_EXERCISE DETAILS_
Word for word, output every line of the material below, minus pictures.

_INFORMATION PROVIDED_

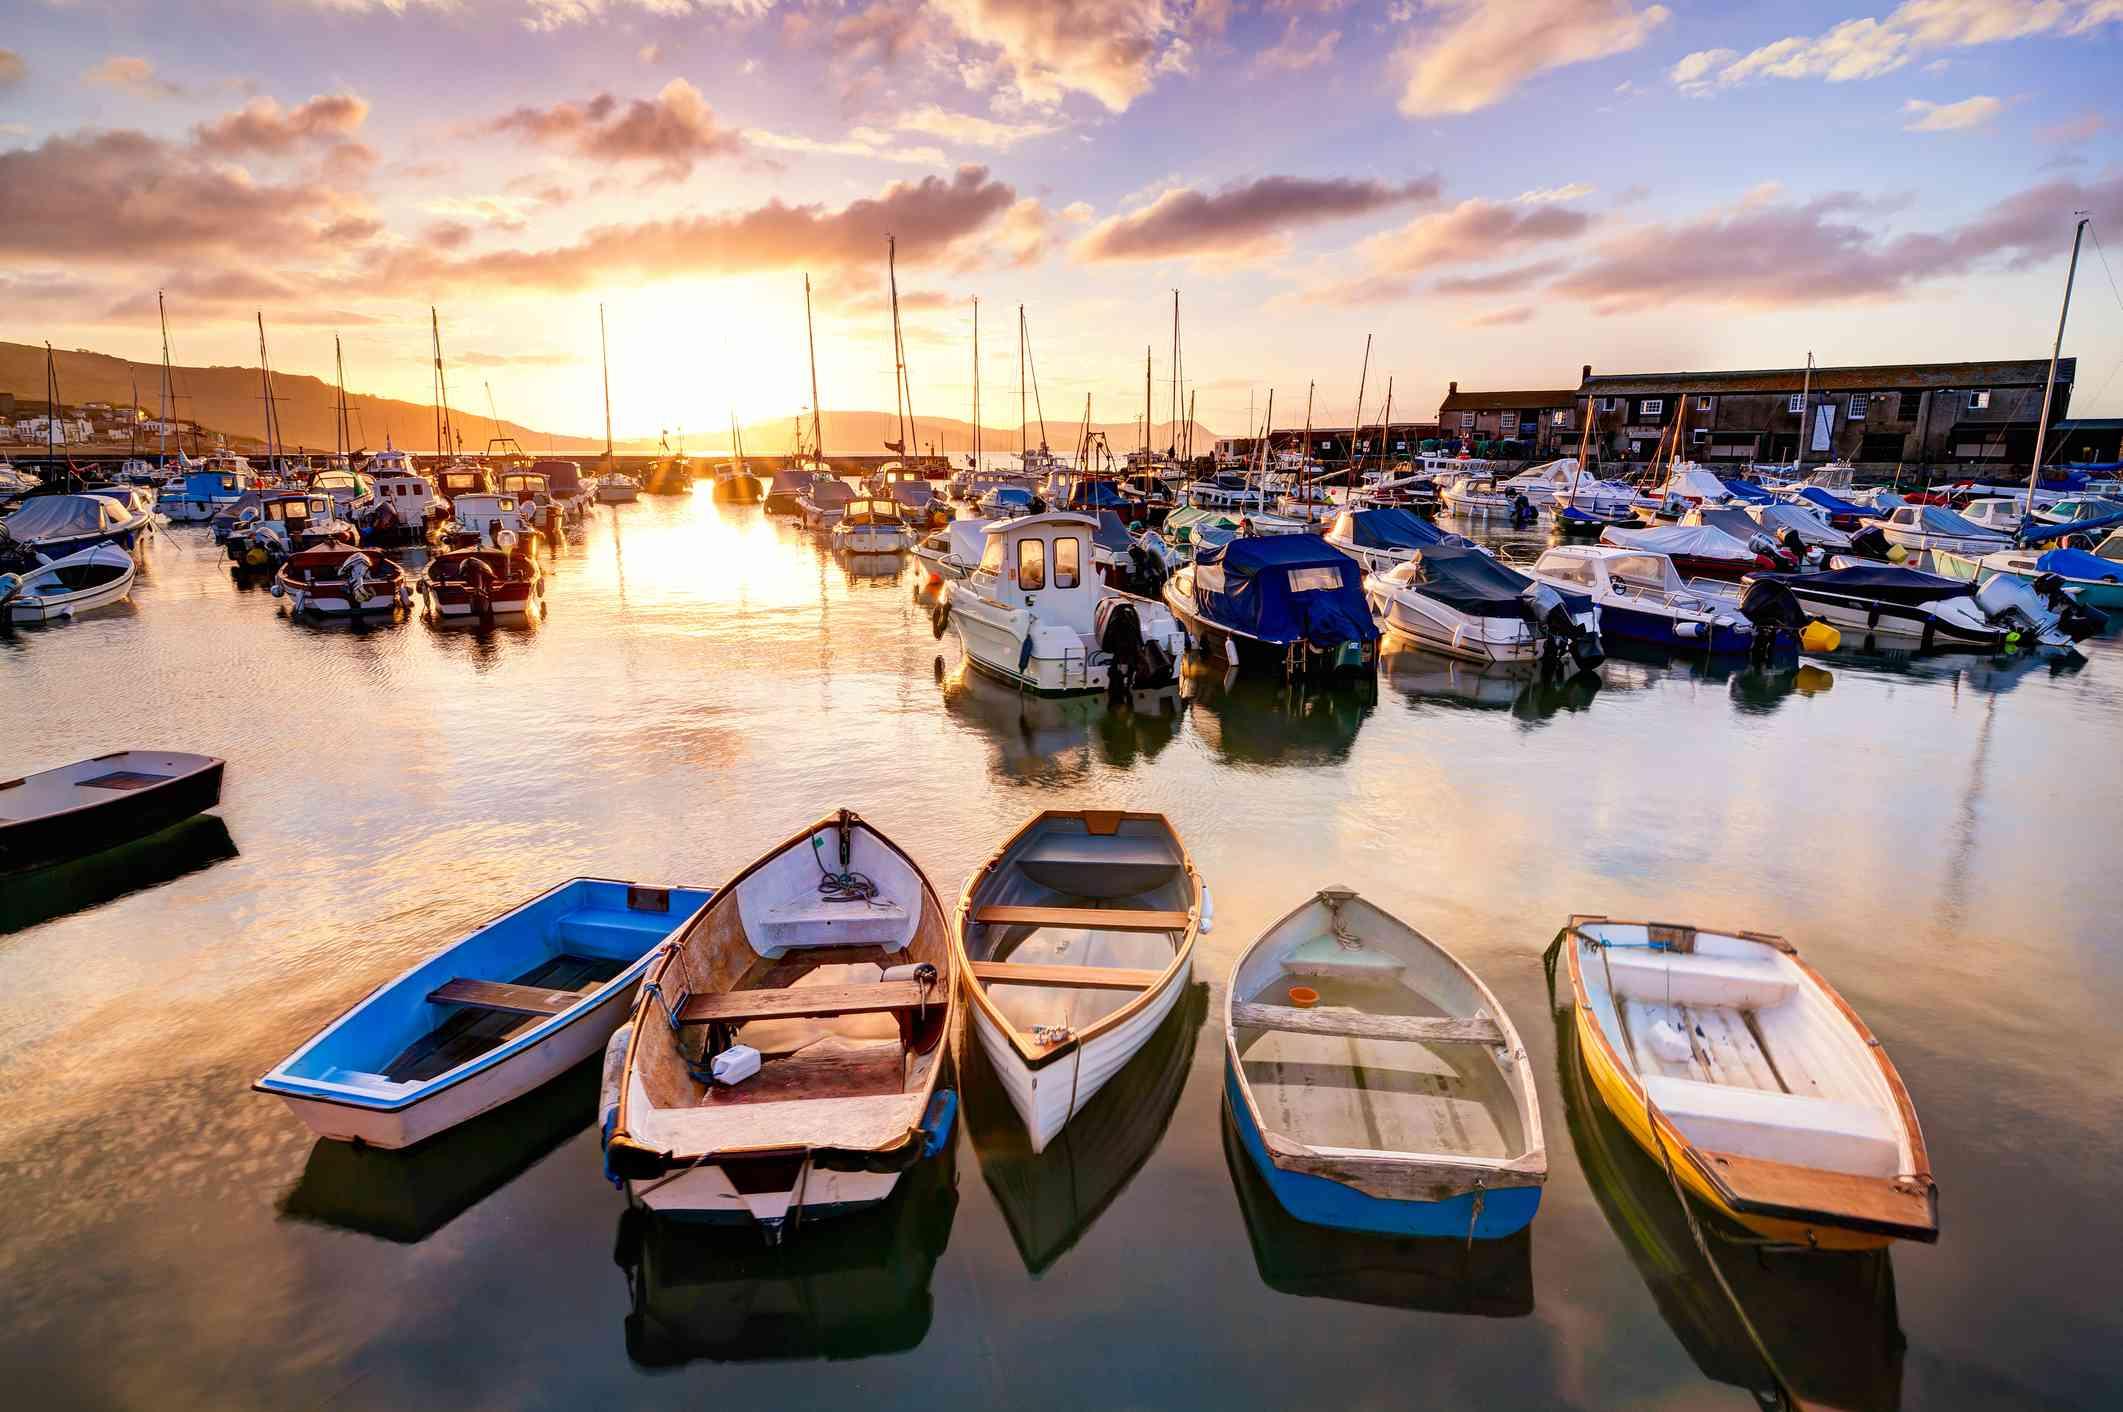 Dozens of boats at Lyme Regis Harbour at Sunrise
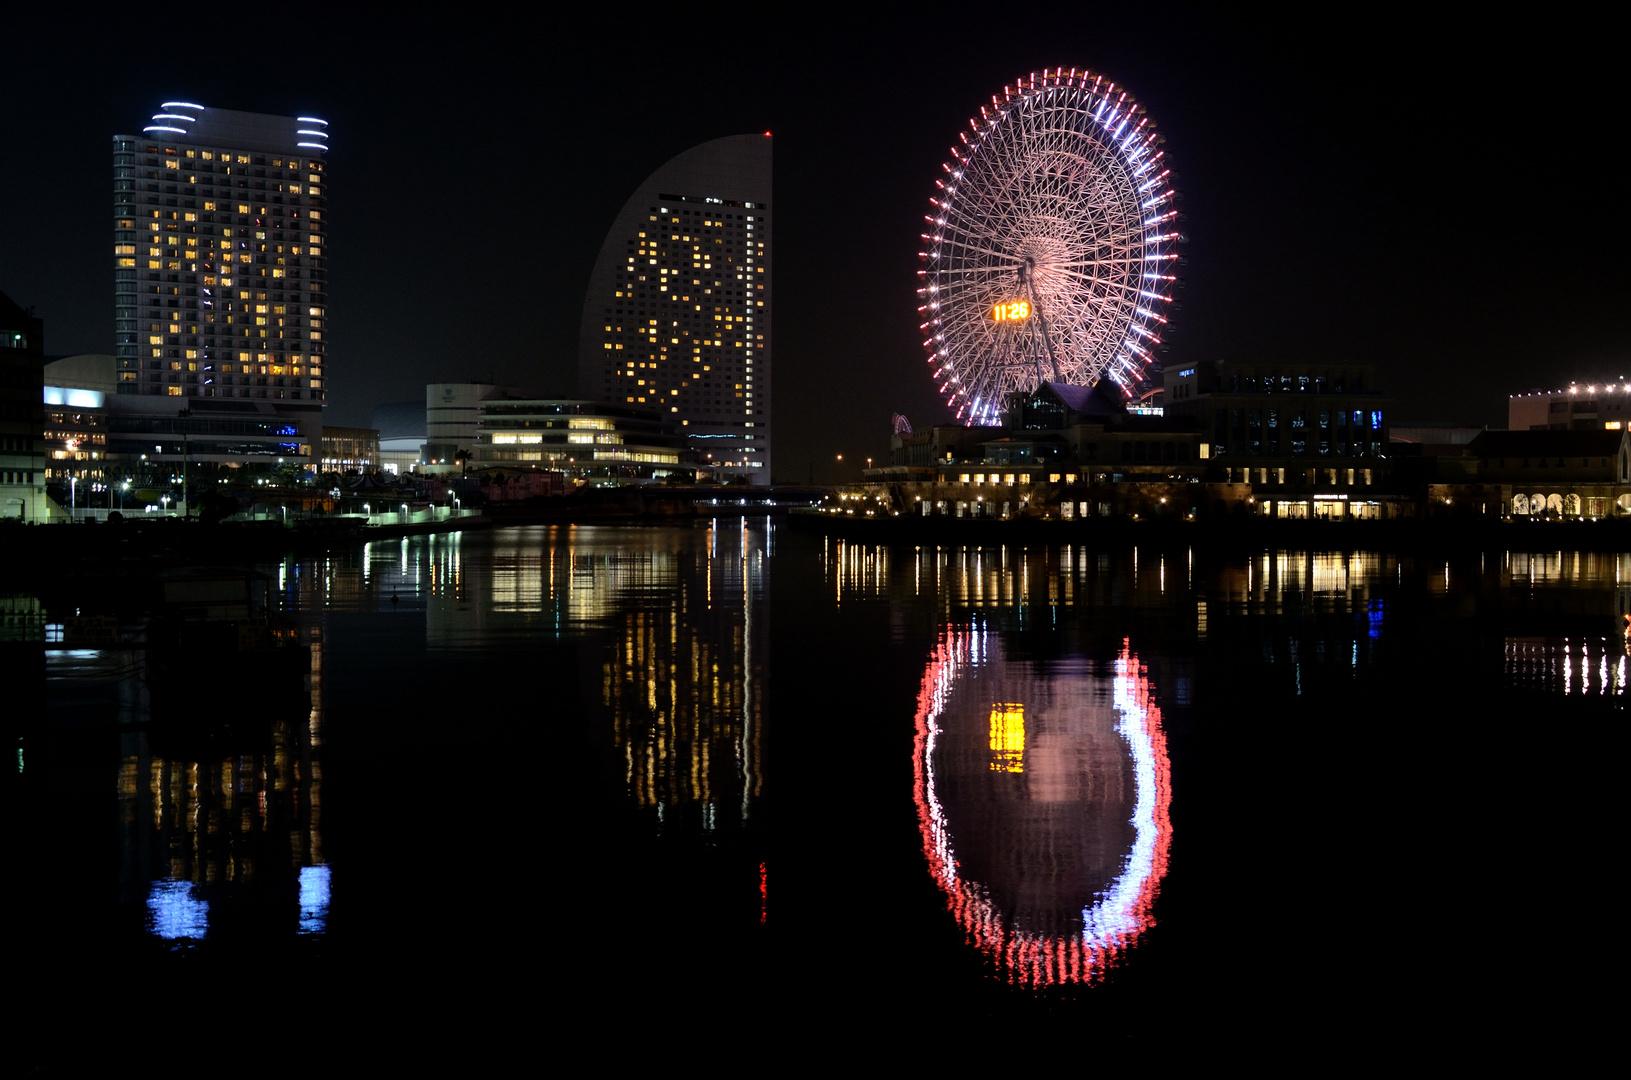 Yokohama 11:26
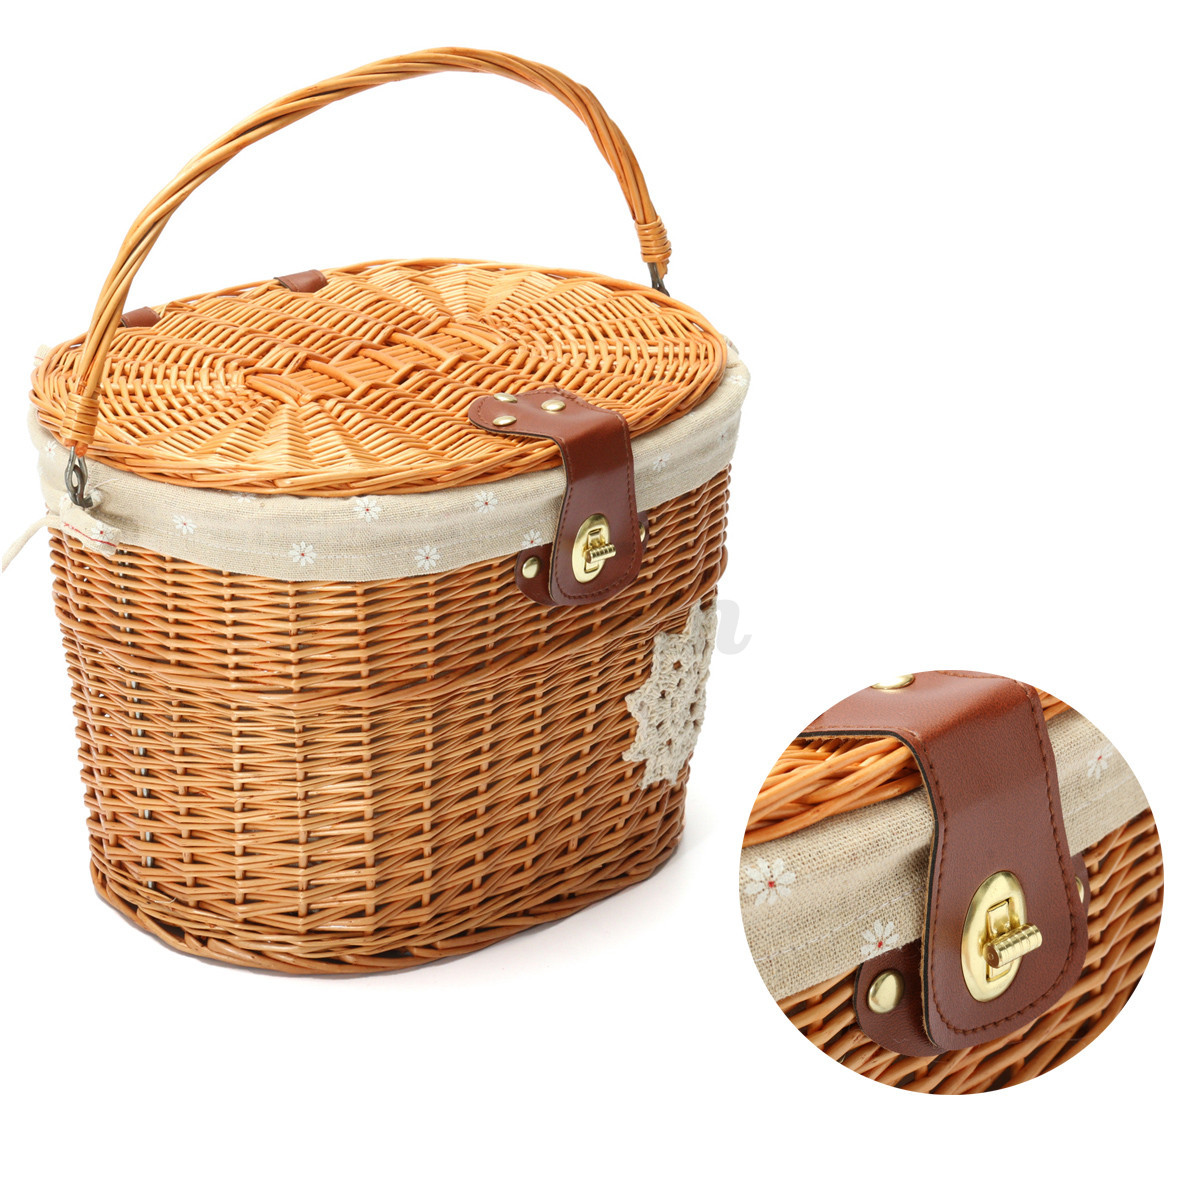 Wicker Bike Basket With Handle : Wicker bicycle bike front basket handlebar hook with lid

_TASK OUTPUT_
 Dozens of boats at Lyme Regis Harbour at Sunrise
 Yokohama 11:26
 Wicker Bike Basket With Handle : Wicker bicycle bike front basket handlebar hook with lid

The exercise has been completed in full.